In regard to how to maximize your Netgalley listing, here are a few tips:

1. Cover is key
Readers are giving lots and lots of options and their initial view is based on cover alone. They can see the description and other info once they click on the cover, but they have to get there first. If your cover is bland, unprofessional, and easily overlooked, it probably won't get much attention on the site. Viewers can up or down vote covers on the site and I was tickled pink to see that the cover for Rite of Rejection was a real crowd-pleaser.

2. Share
Once the book was live, I received a direct link to my listing. So long as it is done sparingly, I think it's fine to post this on social media or share it with your newsletter.I actually didn't share this as much as I could have and this is something I will definitely do more of next time. I did, however, let all my blog tour reviewers know about the listing and asked them to pass it along to any other bloggers they knew that might be interested. Several of them thanked me and let me know that they did pass it along.

3. Follow-up
Now that most, if not all, of the reviews are in, I'll be going back through them and looking for one specific area. Reviewers are asked if they would like to connect with the author. For those that said yes, I'll be reaching out thanking them for their review and offering to do a guest post or interview on their blog. This is a great way to meet more readers and keep up marketing efforts without going overboard.

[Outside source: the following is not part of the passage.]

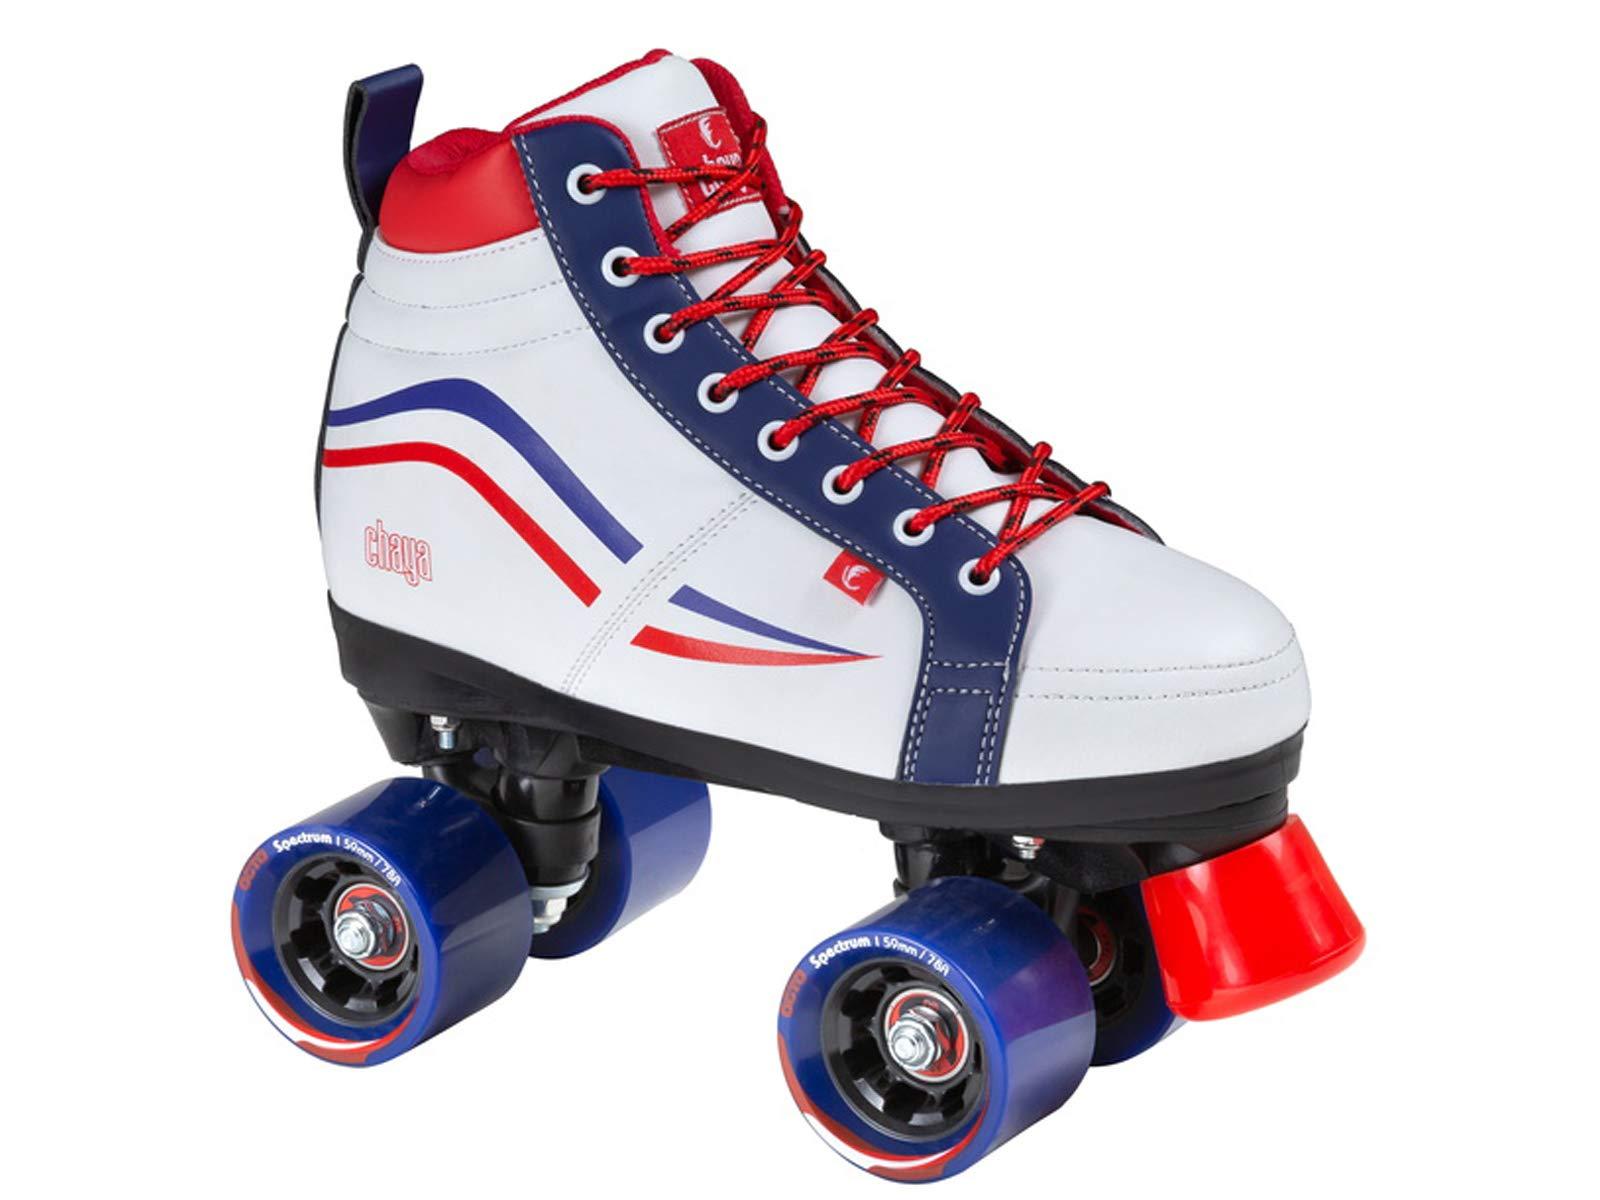 Chaya New Vintage Glide White Red & Blue Quad Roller Skates - Vegan (Euro 39 / US 8)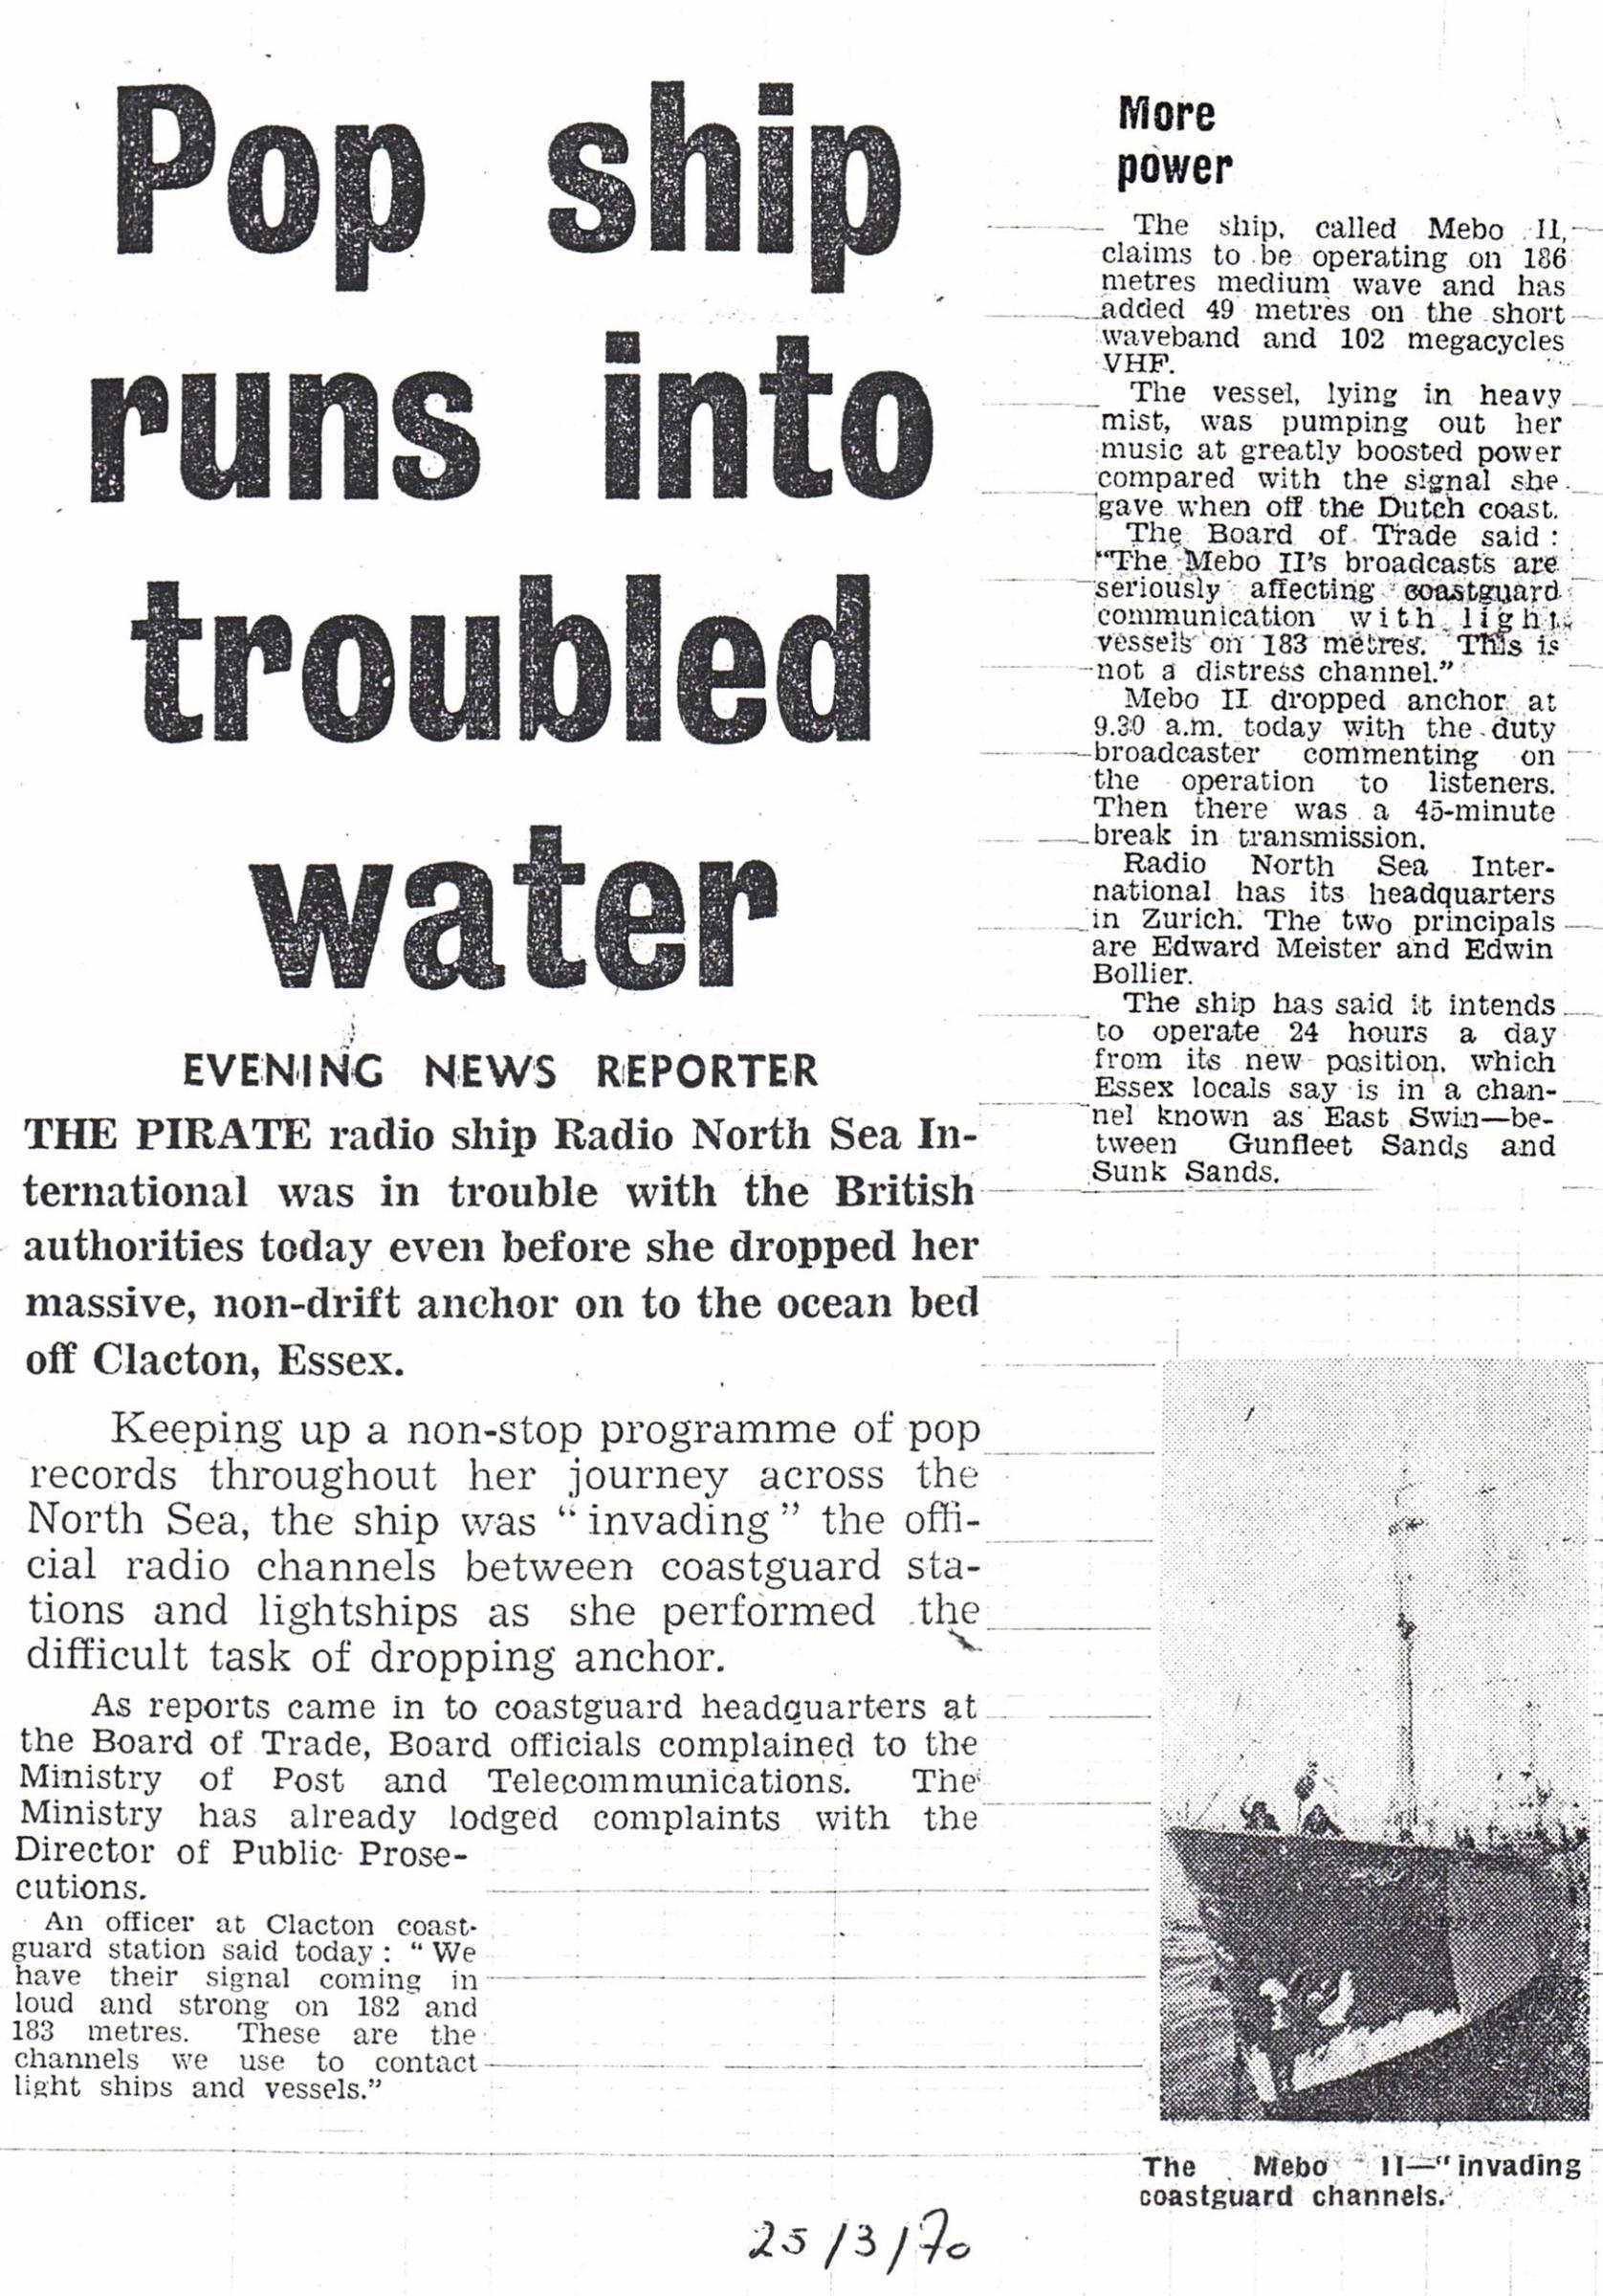 19700325 Evening News Pop ship runs into troubled water 01.jpg

If you have any questions about using Netgalley, feel free to ask in the comments. If you're interested in signing up for your next book, be sure to check out the awesome folks over at Patchwork Press.

2 comments:

  1. Hi Sarah - Thanks for sharing your experience using NetGalley to promote your title! Glad to hear you had such great impressions and reviews - and that the marketing opportunity came out of it! If you ever have any questions for us do not hesitate to reach out.

    Best,
    Tarah Theoret
    Community Manager, NetGalley

    ReplyDelete
  2. Nice summary of your NetGalley experience, Sarah! I used NetGalley with my first book, and I do remember that comments were pretty intense sometimes. It is great to get more eyes on your book, though.